Sure, Ian has covered civilian guns before. Universally, they had something he found
interesting about it. It was either because they were related to some military project, sold on the civilian market by military contractors because they weren't picked up by any military/law enforcement organization, owned/designed by someone interesting, production/design prototypes, or just plain fucking weird/disastrous (the Zip 22, for example). Even videos like the one on the Mini-14 mention them being used by LEO/militaries and spend a lot of time on the background of the development process and the designer's intentions for the guns.
It needs to be interesting to him, either in design or history, and most civilian guns out there simply don't have much to talk about in terms of history or engineering. He talks about it himself: there's no point in doing videos on the vast majority of new pistols coming out because they're almost all polymer-framed wonder9s with very little to differentiate them from the rest of the pack besides price. Which is why he spent so long fellating the Hudson H9 and the Laugo Alien: they were trying something different and that nerd loves himself some novelty.
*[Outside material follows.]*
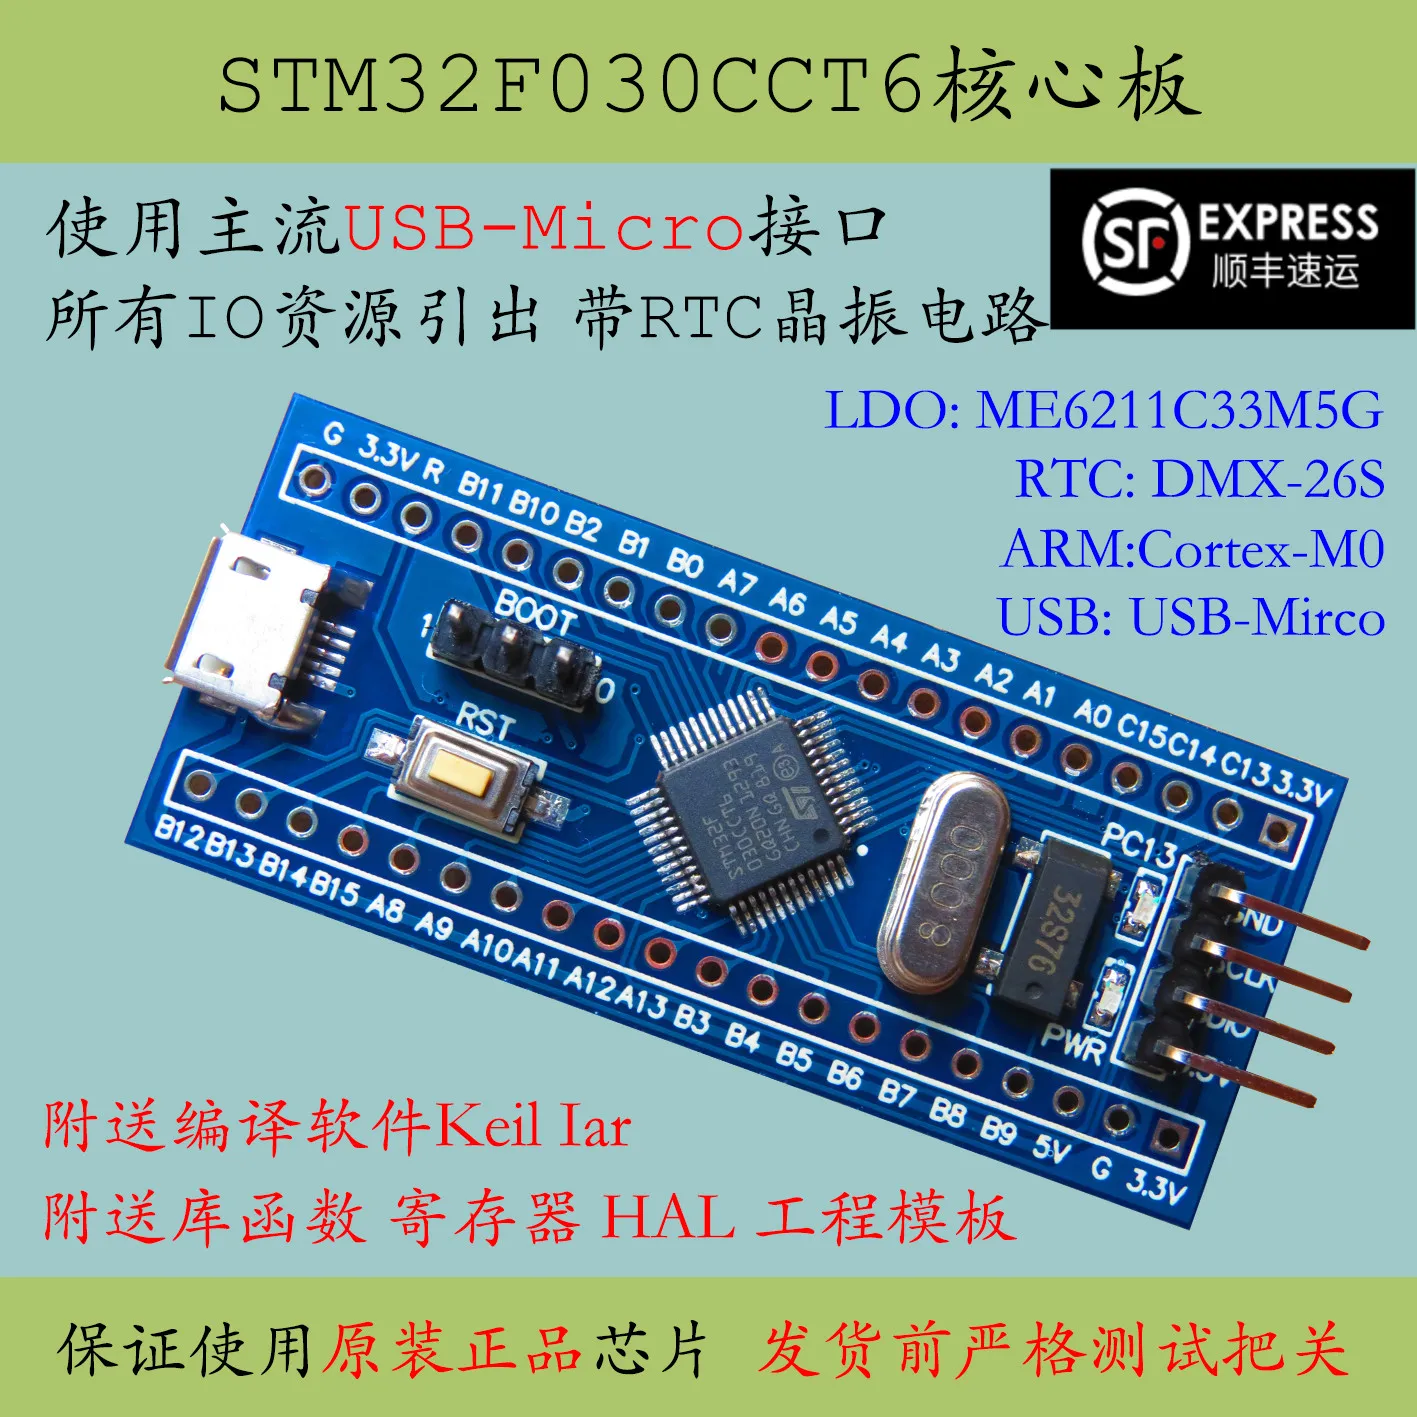 Фото Основная пластина STM32F030CCT6 массовый продукт одночиповый микрокомпьютер STM32F030
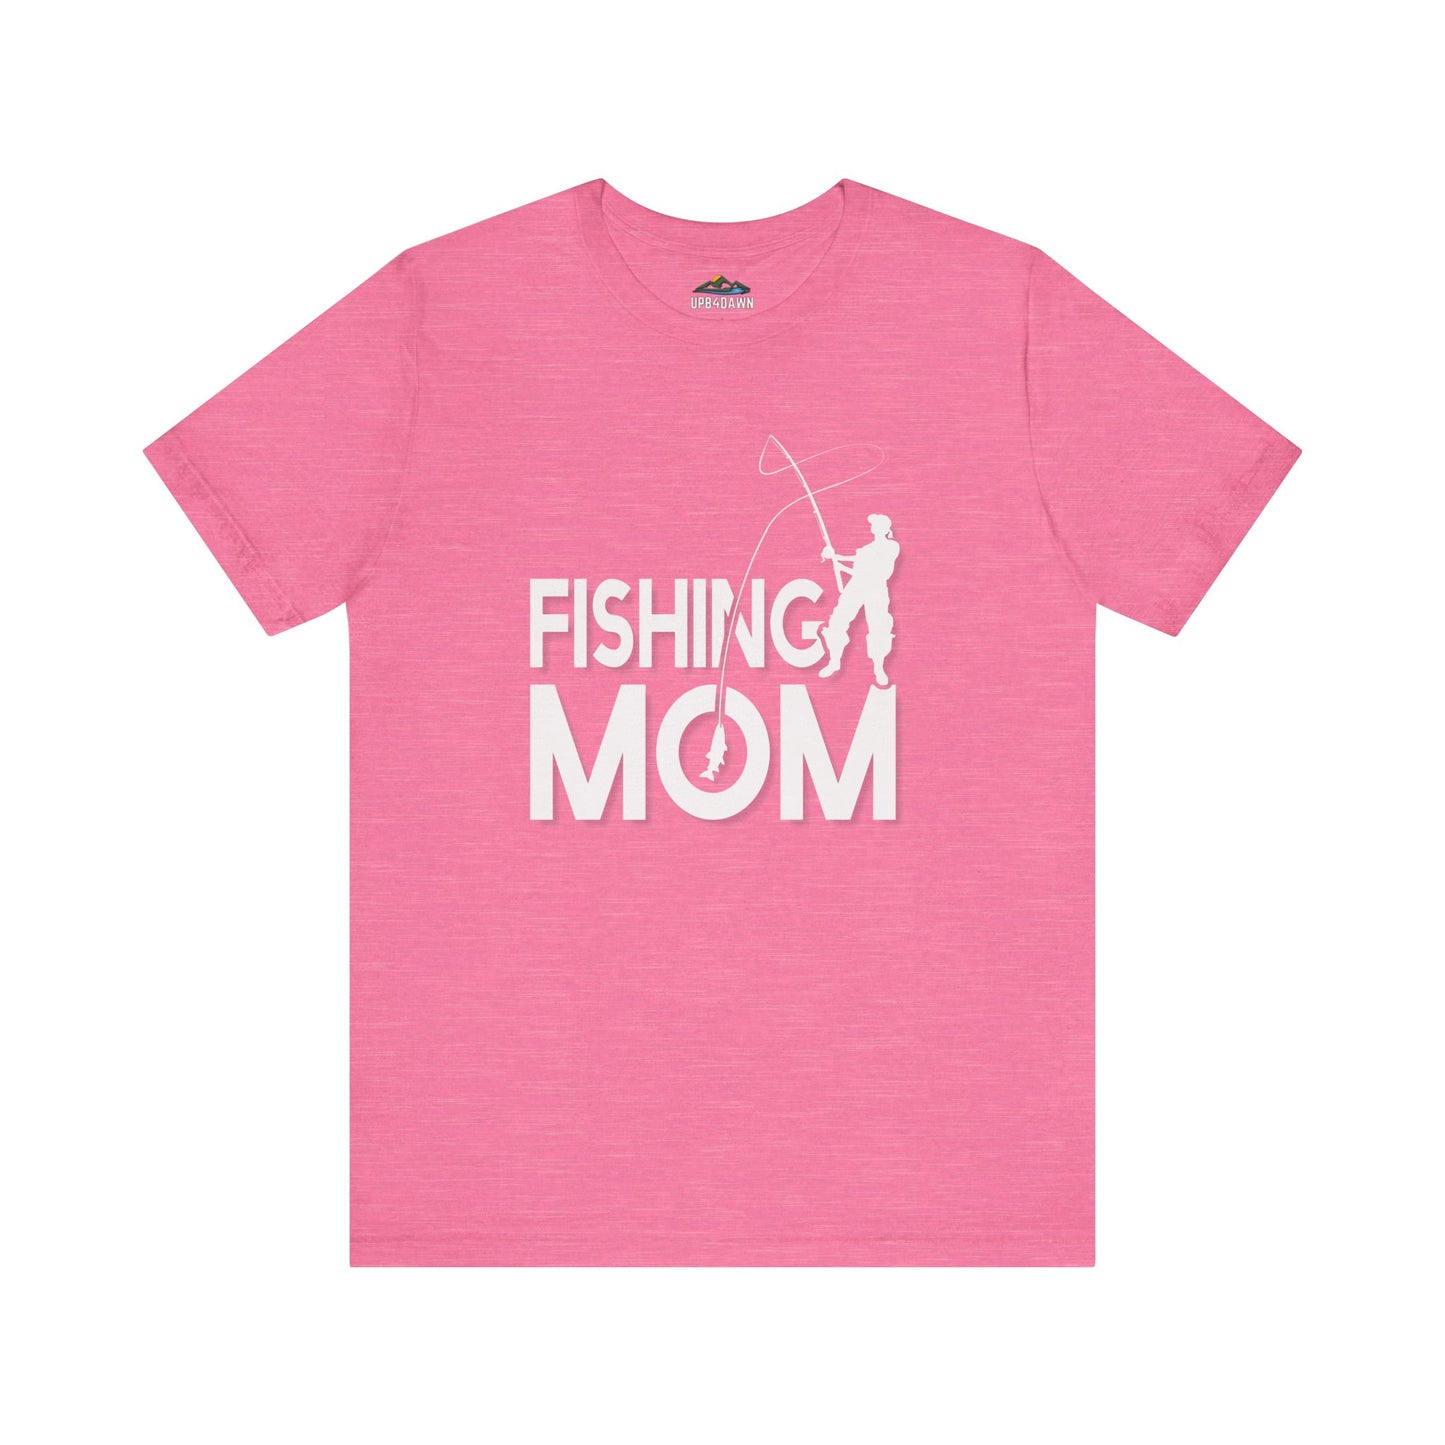 Fishing Mom - T-Shirt

Even those cohorts have shown interest in guns despite the inability to legally own anything for self-defense like those already mentioned, Japan and elsewhere.
Yes, but are these fractions of those cohorts substantive enough to sustain viewership of a channel with over 2 million subscribers and seemingly mounting expenses? I would argue not.
If you want to know why he's going with sponsors, it's because the vast majority of the audience on youtube, particularly guntube, are already used to 1.5 ads per videos. I don't think he's appreciably lost views since starting to run those ads on his videos. So not doing it is leaving money on the table, and I'm just glad he hasn't picked up any spots from Raid Shadow Legends yet. This is the content landscape we live in, unfortunately.
Anyway...
Instead of branching off into mass produced and exclusively civilian guns (a subject he's probably not as passionate about) I'd rather Ian stole the "vignettes" format from Karl and started talking more about interesting events that tend to get drowned out by the larger narratives of war. Like the occasional videos he does with those history tours. The man can spin a good yarn, after all. Failing that, I think it would be interesting to see him trying to learn the history and details of artillery pieces and whatnot. Give the Chieftain a call, see if he can sneak him into a couple military vehicle museums/collections. I rather enjoyed his occasional videos on pack howitzers, mortars and the likes.